The child in all of us that listens with eager excitement to fantastic tales of heroic knights and fair maidens never really leaves us. These fairy tales often take place in castles and fortresses, where the king and queen reside, and where knightly battles are waged. Even as adults, we can take pleasure in the exciting true histories behind the imposing structures that feature so prominently in these stories: today, we’ll introduce you to five unforgettable castles and palaces, in places where the tragic and romantic, past and present, collide.
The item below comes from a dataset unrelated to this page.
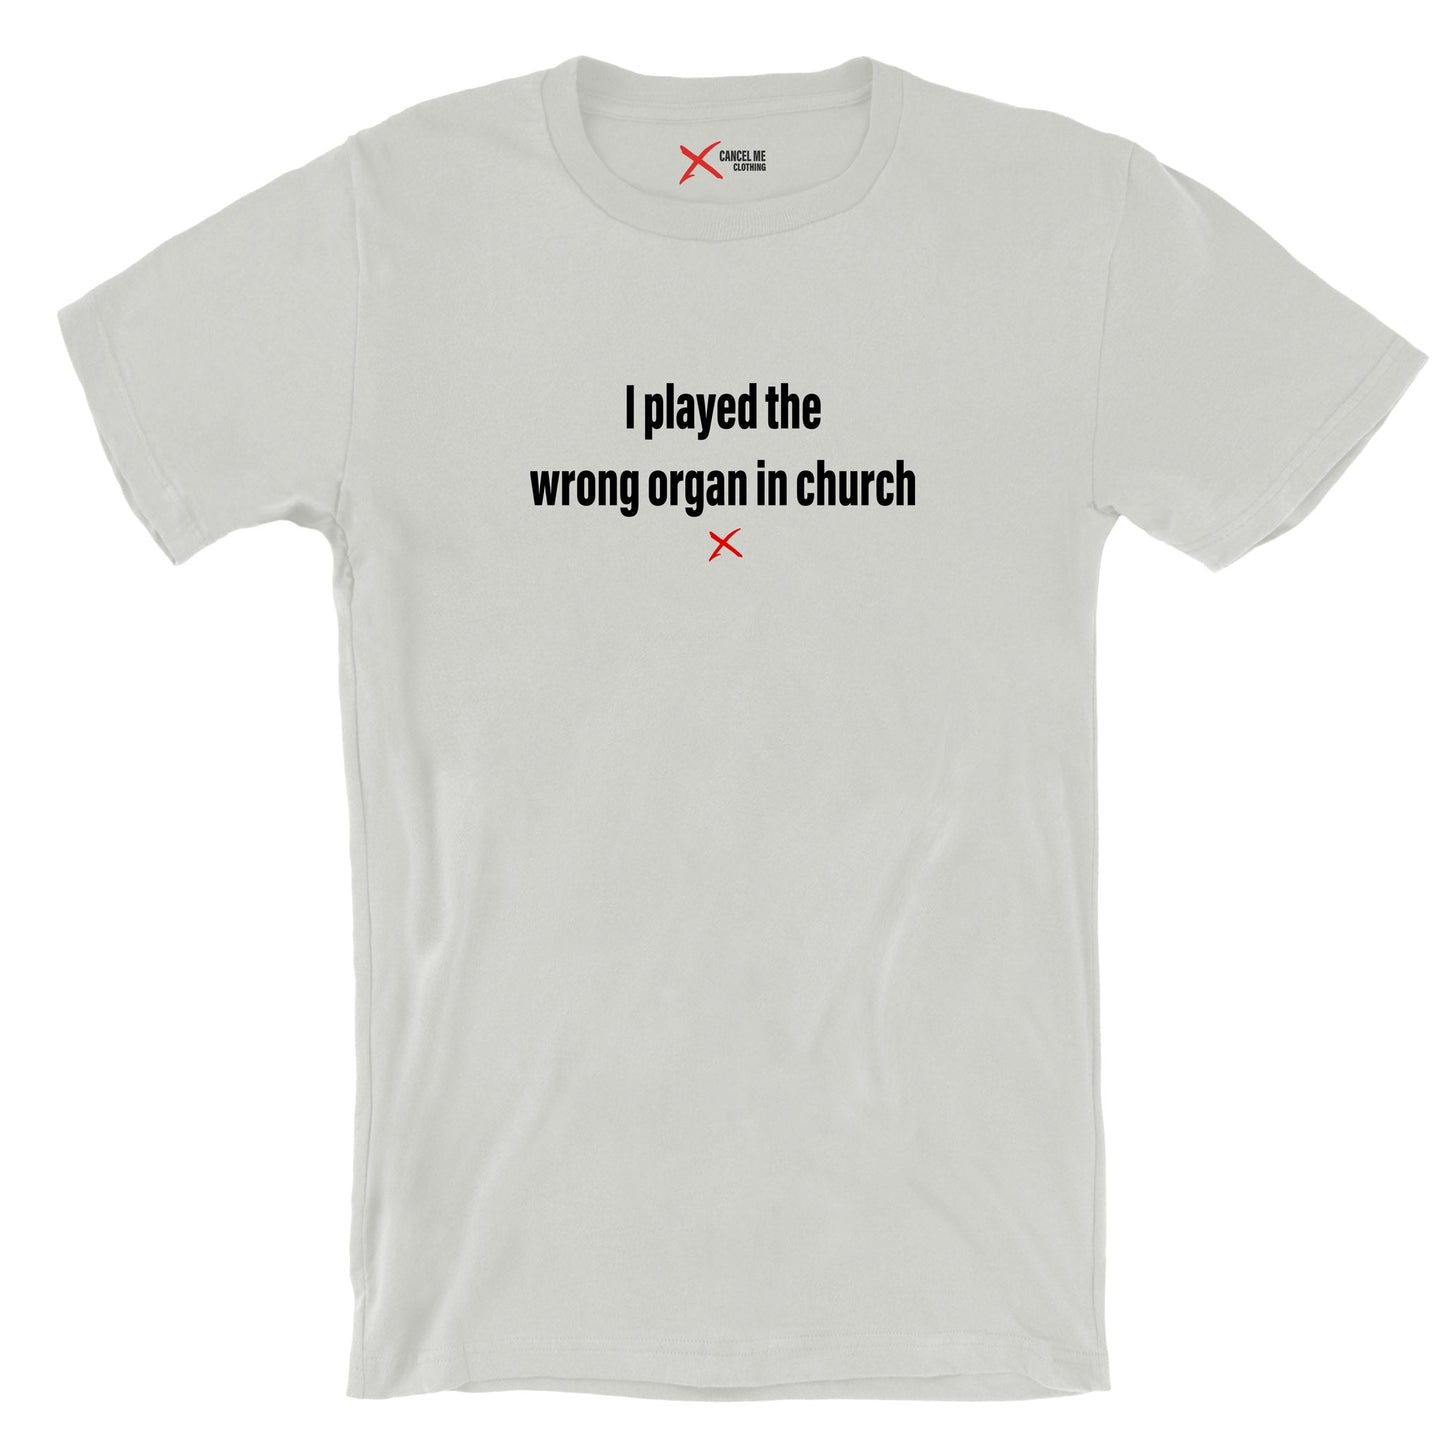 I played the wrong organ in church - Shirt
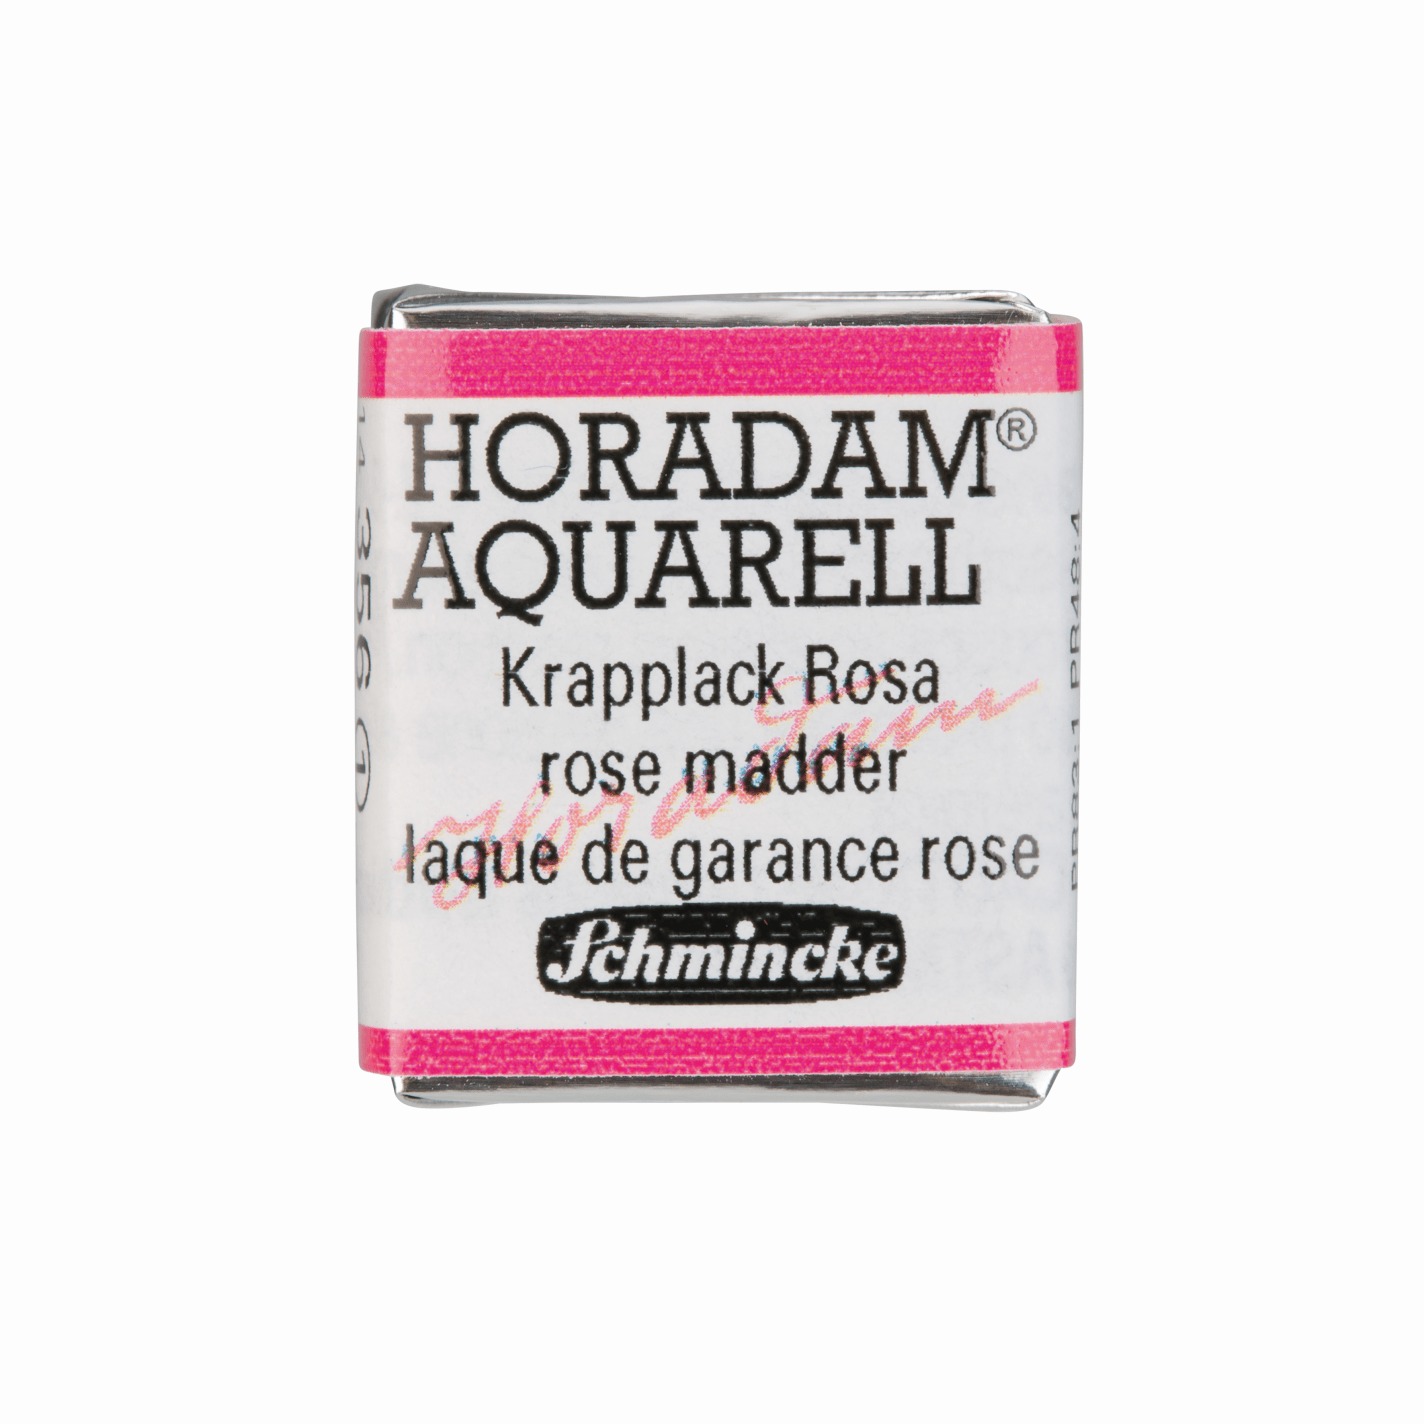 Schmincke Horadam Aquarell pans 1/2 pan Rose Madder

Lichtenstein Castle – Baden-Württemberg, Germany
Lichtenstein Castle, in the German state of Baden-Württemberg, is everything you’d imagine a medieval castle to be. In the Middle Ages, Lichtenstein was regarded as an invincible fortress, but later lost its importance and was eventually even demolished. But the cousin of King Frederick I had a taste for knightly lore, and in the nineteenth century had the castle rebuilt in the Romantic style. Lichtenstein Castle as it stands today presents a dramatic image: enthroned upon rocky cliffs, the castle tower extending resolutely into the sky, a single bridge the only connection to the outside world. The “fairy tale castle of Württemberg” was erected as a patriotic monument to the House of Wurttemberg, which is apparent from the magnificent interior design, featuring a plethora of portraits and family crests. The interior can only be viewed on a guided tour, but it’s possible to wander on your own through the castle garden and the romantic courtyard with its mighty artillery guns.
Cité de Carcassonne – France
The abundance of Châteaus in France is hardly a secret – there are more than 400 castles just on the Loire River and its tributaries alone. Given the plethora of options, a single castle just doesn’t seem to satisfy, and thus we present to you the Cité de Carcassone, the imposing, inhabited fortress town in the Carcassonne in the south of France. Wandering through the narrow alleyways of the old citadel is like taking a trip back in time: the entire city is one big open-air museum. The fortified town is protected by a double wall with a total of 52 towers which protect the city’s strategically important location. The city’s roots trace back to the first century BC, and it can be visited year round, for free. Not to be missed are the castle and the Basilica of Saints Nazarius and Celsus within the citadel (unfortunately, entry is only possible at the castle and city fortifications).
Fort São Jorge da Mina (Elmina Castle) – Ghana, Africa
Fort São Jorge da Mina, known today as Elmina Castle, may not be romantic in the classical sense, but it nevertheless boasts a lively history diverse influences, and an equally lively present. The castle was erected in by the Portuguese in 1482 on the Gold Coast (present-day Ghana), as the first European fortress in Africa south of the Sahara. Over the course of centuries, the keys passed from the Portuguese to the Dutch and finally to the British, leaving behind a fortress that tells the tragic tale of slavery and the gold trade. Although the dark tragedy of the past is palpable in the fortress dungeons, the lively present surrounding the fortification is a welcome contrast. The fish market bustles with fishermen, who sail their distinctive fishing boats in every color of the rainbow (known as pirogues) out to sea, and in front of the castle you’ll often find drummers and groups of dancers, who show up in force. The tragedy of yesterday forms a particularly stark contrast here against the vibrant colors and lively atmosphere of today!
Himeji – Japan
It may not exactly be an insider secret, but it’s nevertheless an absolute must: Himeji Castle is a rarity in Japan, as one of the few remaining original castles that has never been destroyed by people, war or earthquakes. Himeji was continually expanded from the 14th to the 17th century, and served as both a stately royal palace and military stronghold. Particularly imposing is the five-story main building in the center of the structure. From the outside it shines a beaming white, while the interior is clad in dark wood, lending a mysterious aura. The impressively reconstructed samurai homes and gardens surrounding the fortification bring the storied history of Japan to life. Himeji can be easily reached by day trip from Nara, Kyoto, Osaka or Kobe. The landscape is particularly beautiful at the beginning of April when the cherry blossoms are in bloom, but it’s also the most crowded time to visit.
Palacio de Generalife – Granada, Spain
If you ever visit the famous fortress complex of Alhambra, reigning majestically high above the Andalusian university town of Granada, be sure to plan a stop at the Palacio de Generalife into your visit. During the reign of the Moors in southern Spain, which resulted in a peculiar mixture of Spanish and Arab influences in art and architecture, this palace served as a summer accommodation for the Nasrid sultans. From here, you’ll enjoy an unforgettable view of the city, the surrounding landscape and the Sierra Nevada. In the palace itself, you can wander through secluded courtyards and lush gardens, which are watered with a sophisticated watering system. The canals and fountains are marvels in and of themselves, a wonderful way to spend a few relaxed hours in the palace. But if you plan to stick around, make sure you bring enough water with you! The best times of year for a day at the palace are spring or fall, and it’s best to plan around 2-3 hours for your visit. It’s also important to book your tickets in advance, as they’re often sold out on site!